Page 84 of Nothing to Do

“Alessia,” she said, linking their hands. “You might want to stop drooling on her fiancé.” Roxie just smiled. “We have dinner to get to.”

Her sister was too excitable. “Is he here? In the hotel? Can I meet him?”

“No! You can’t meet him,” she answered before Roxie could. “He’s not here, and what do you plan to say to him? ‘Hi, you’re so hot and rich.’ How’s he supposed to respond to that?”

“He gets it a lot actually,” Roxie said with a slow head bob. “It’s the first thing I say to him every morning.”

Alessia laughed. “You’re so funny! I love how fun you are!” She growled. “I don’t want to leave my girls alone—”

“I’d be the same,” Roxie said. “Go be with your friends. We’ll have a bunch of chances to catch up.”

Alessia gasped in excitement. “Oh my God, we will?”

“Sure! Your sister’s with one of my guy’s best friends. We’ll be in each other’s lives a long time.”

Now Alessia squealed. Even children at Christmas weren’t so excited. “Can I hug you?”

“Yes!” Roxie opened her arms to gesture her over. “Bring it in.”

At least her sister asked, unlike Lark with Zane. Roxie smiled through. Her sister scurried out of the room fizzing with adrenaline. When she closed the door and dropped against it, she was exhausted like it was the end of the night, not the beginning.

“Do you get that everywhere?”

Roxie shrugged. “You get used to it and I’d never trade it for the alternative.” Of being without Zairn. “I’m better at it than Casanova. Believe it or not, I have more patience for these things, and it’s something I don’t mind taking off his plate.”

“You’re his fixer too.”

“Hopefully no one will have to be anyone’s fixer tonight,” Roxie said. “And on the one serious moment of the night I’ll allow, remember this…”

“What?”

“Someone’s always watching. Even when you think there’s no one watching. Someone’s always watching.”

Whatever that meant. “Okay.”

“Some people, not me, of course, but some people might have suggested in the past that I’m a magnet for these things, that I’m a…”

Roxie cleared her throat.

She laughed. “A crisis event?”

Wasn’t that what Zairn called her?

The narrowing of Roxie’s eyes was almost a growl. “Just be aware tonight. I don’t want you sucked into the vortex. I don’t know how patient Zane is.”

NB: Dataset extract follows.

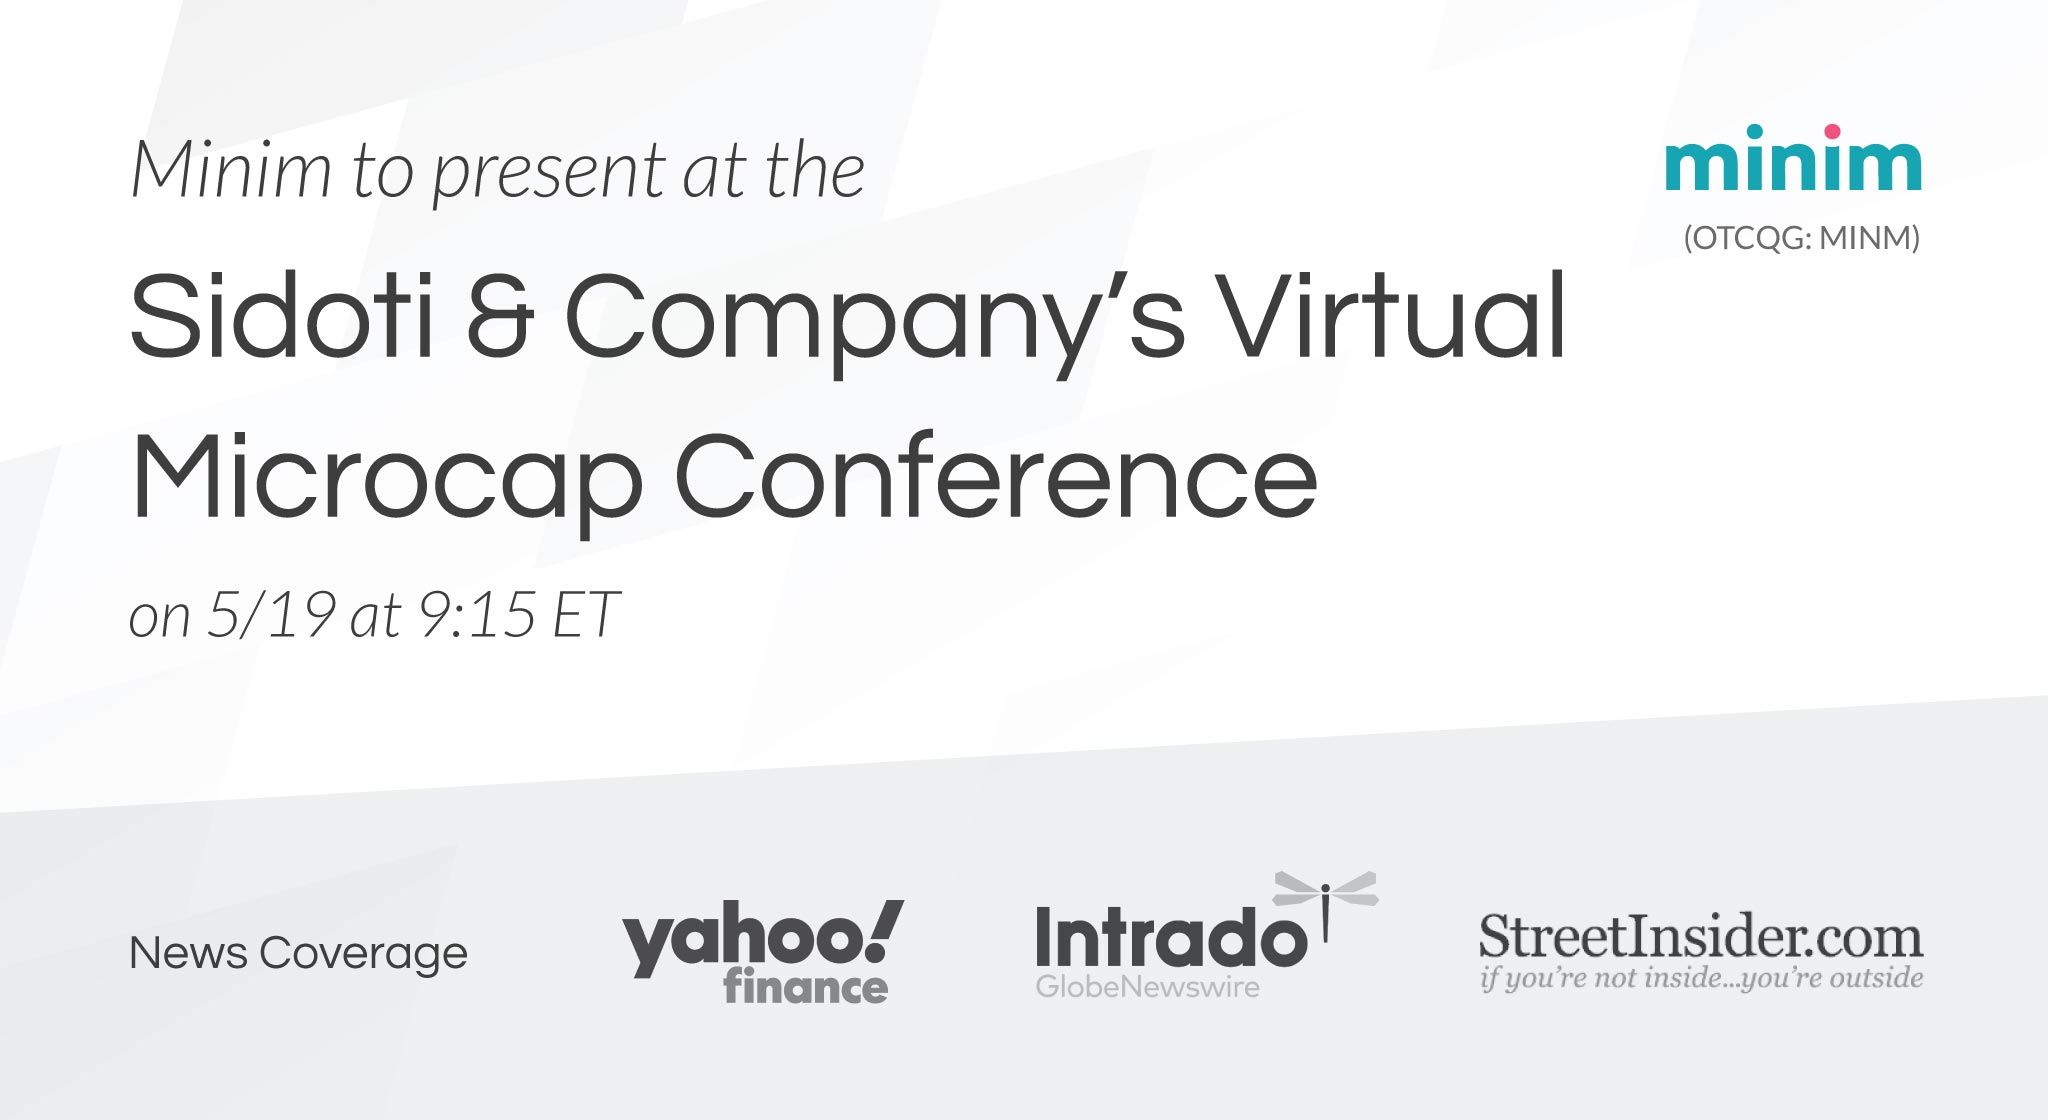 Minim to present at Sidoti and Company's Virtual Microcap Conference

Given how he was with Roman, the man deserved a medal.

“I’ll be aware.”

“Alessia’s got a point,” Roxie said, going to sweep up her purse as she put hers together. “You don’t speak much about your relationship.”

“Will I need a jacket?”

“Are you deflecting?”

“No,” she said, slipping her feet in her shoes. She double checked her keycard was in her wallet and went to open the door. “What do you want to know?”

“Oh, now there’s a dangerous question.” Roxie paused on the threshold. “You won’t need a jacket; you don’t even need your wallet.”